Was I right? Oh, yeah!
This education company exceeded expectations, reporting that its revenue grew nearly 63% from the same quarter in 2007, with revenue from educational programs and services growing 61%. And for fiscal 2008, its income clocked in 71% higher than last year.
How'd the stock react to such positive results? It gained 11% in five days following the earnings announcement. And my China Strategy subscribers now have more than a 200% gain in the company.
Don't Miss the Next 10% Gainer!
Now here's the real secret: One of my favorite Chinese companies -- the number-one medical devices manufacturer in China -- is reporting earnings on September 3. And you're going to want to be on board before that announcement hits the airwaves.
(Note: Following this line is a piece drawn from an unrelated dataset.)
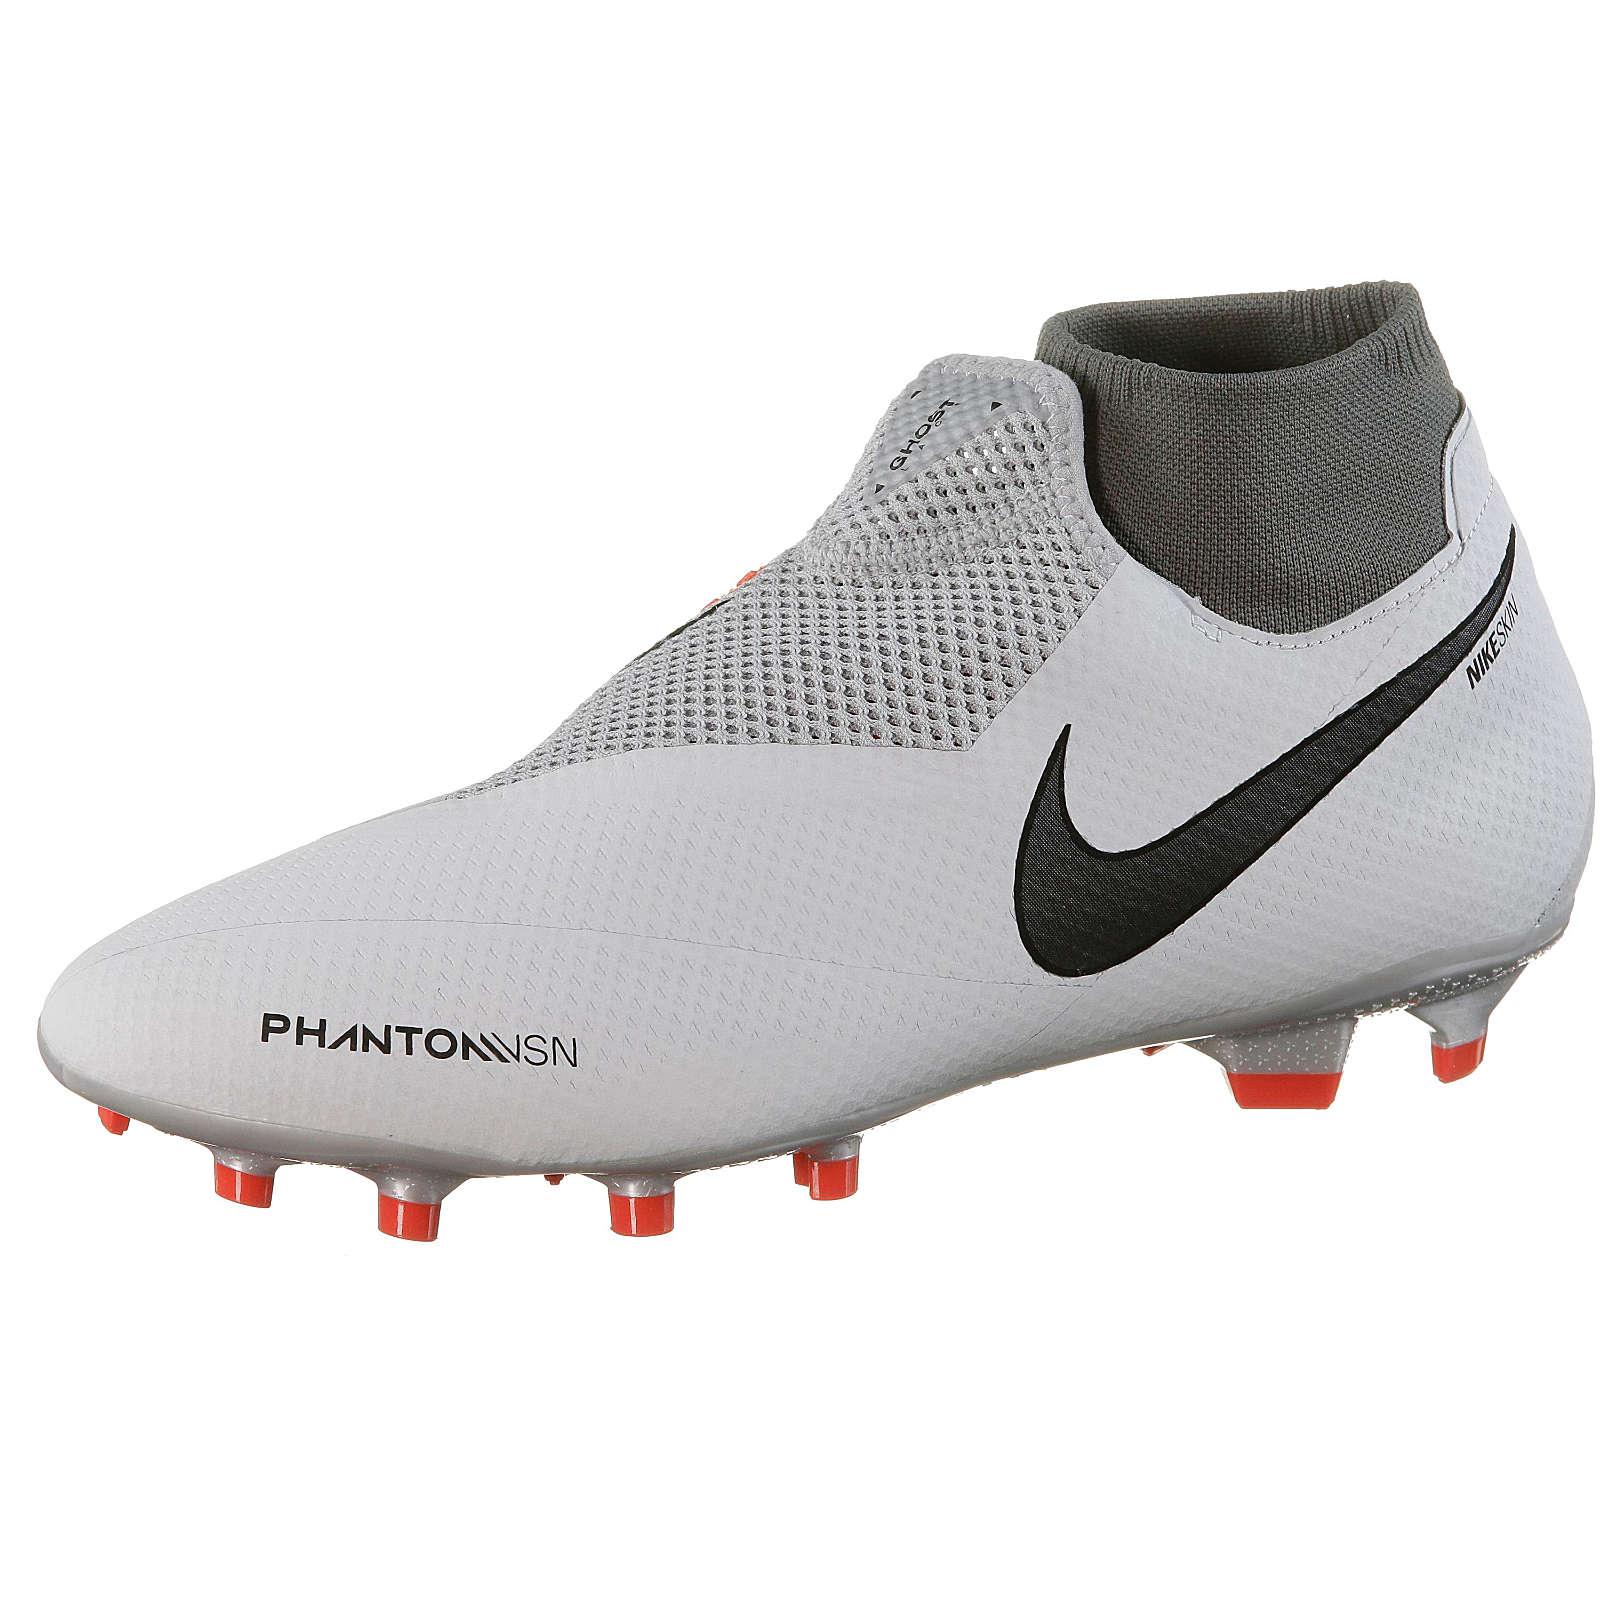 Nike Performance Fußballschuhe Phantom VSN PRO DF FG Fußballschuhe grau Damen Gr. 39

This company has been benefiting from the three biggest socio-economic trends of the 21st century: 1) China's economic emergence and healthcare reform; 2) the graying of the population in developed countries; and 3) rising healthcare costs around the globe.
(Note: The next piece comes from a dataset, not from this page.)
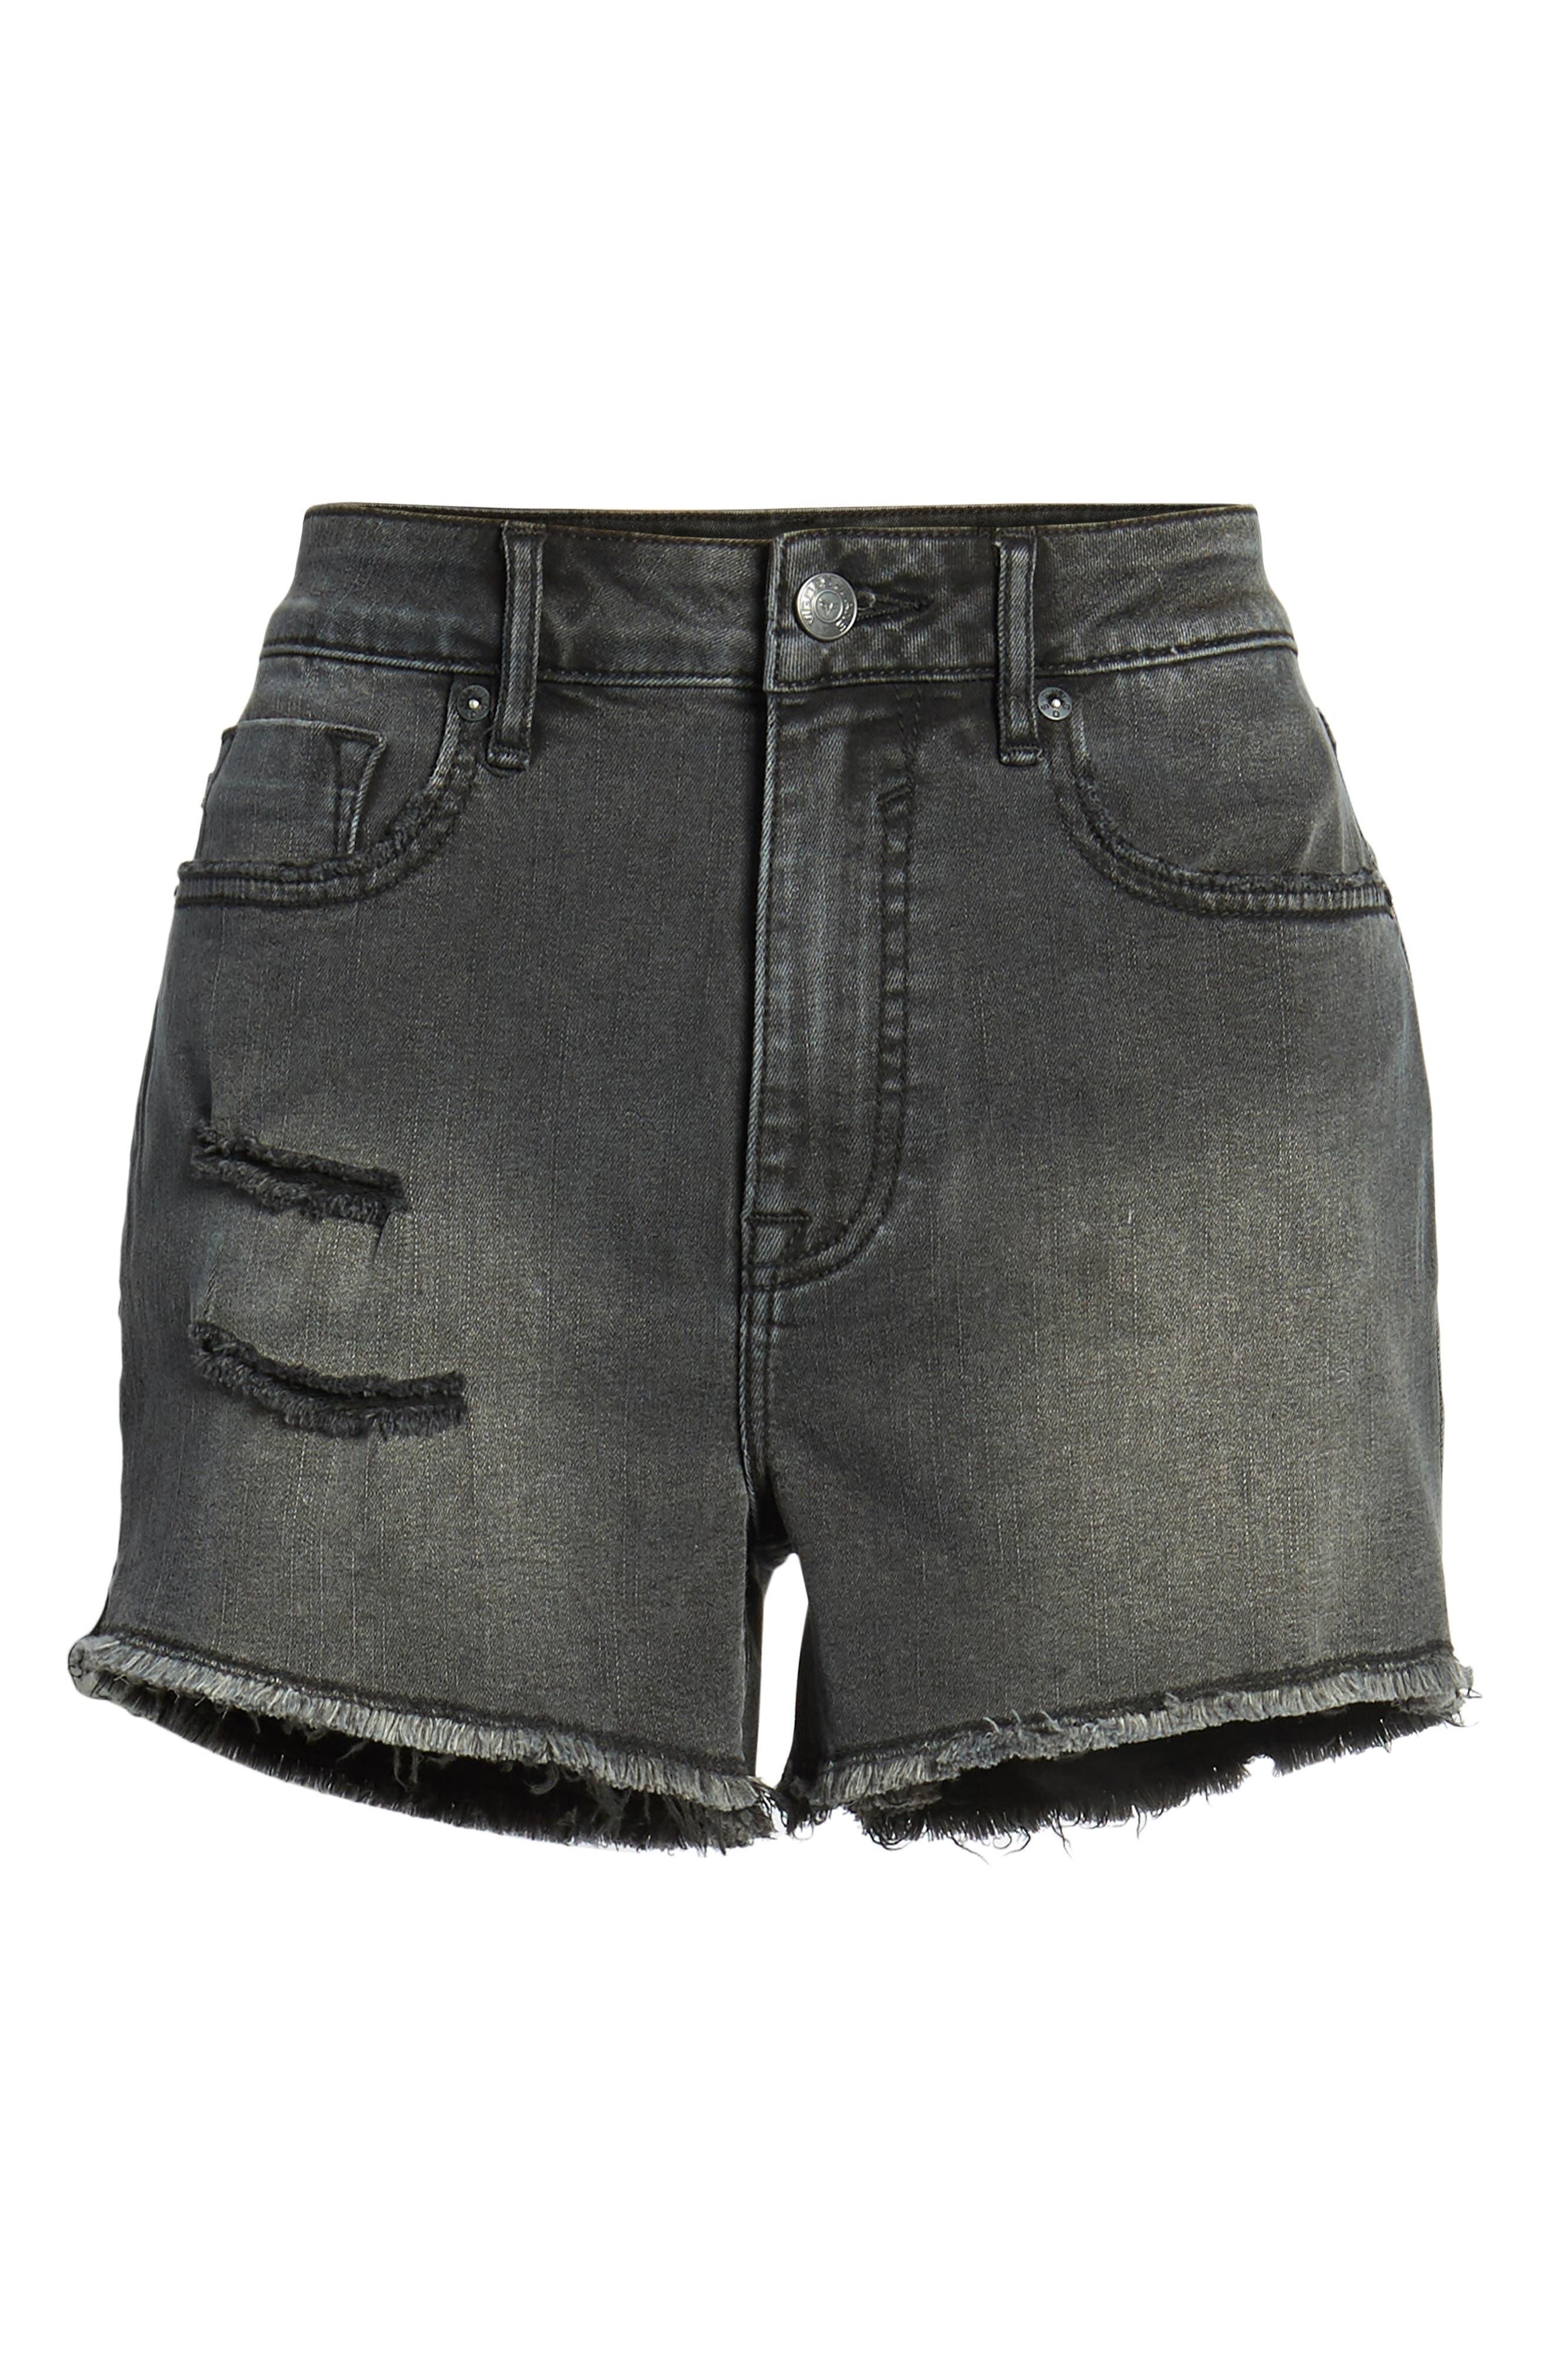 Jagger High Waist Denim Shorts,                             Alternate thumbnail 7, color,                             001

The market for high-quality medical care is always strong -- especially now. With baby boomers on the verge of retirement and the Chinese now able to spend more money on healthcare, this company has been raking in the profits. It's been so successful because it's the world's leading, low-cost producer of high-quality medical devices, selling its products in over 120 countries.
And because this company operates in a large and booming market, it delivers superior and consistent earnings growth. Just look at the past two quarters:
Back in March, this company reported solid earnings for the fourth quarter and fiscal 2007 and easily beat Wall Street's estimates. Its net income for 2007 increased an impressive 64%, and net revenues jumped 47%. And sales increased both home and abroad, climbing 42% in China and 53% in international markets.
And then in the most recent quarter, the company announced blowout first-quarter earnings. Revenues increased nearly 50% from the same quarter in 2007, with revenues in international markets jumping 49% and in China increasing 47%.
As you might have guessed, the stock responded positively to the results -- jumping 12% in one day!
You Must Act Now!
And I'm expecting the company to do it again. Since I recommended this medical devices company back in October 2006, my subscribers have banked a nice 144% gain.
Profits like this aren't easy to come by these days – as the world's markets' volatility has wrecked havoc on investors' portfolios worldwide. So when you come across a fundamentally strong company in a booming industry -- and it's consistently exceeding analysts' expectations -- you need to grab it.
This company can deliver steady, long-term growth of more than 40%, even in the current slowing economic environment. And I don't want you to miss the handfuls of profits to be made in it.
And if you buy in now before the company announces earnings on September 3, you'll likely jumpstart your investment with a nice 10% gain in five days. To learn how you can profit from this medical devices company, join China Strategy today!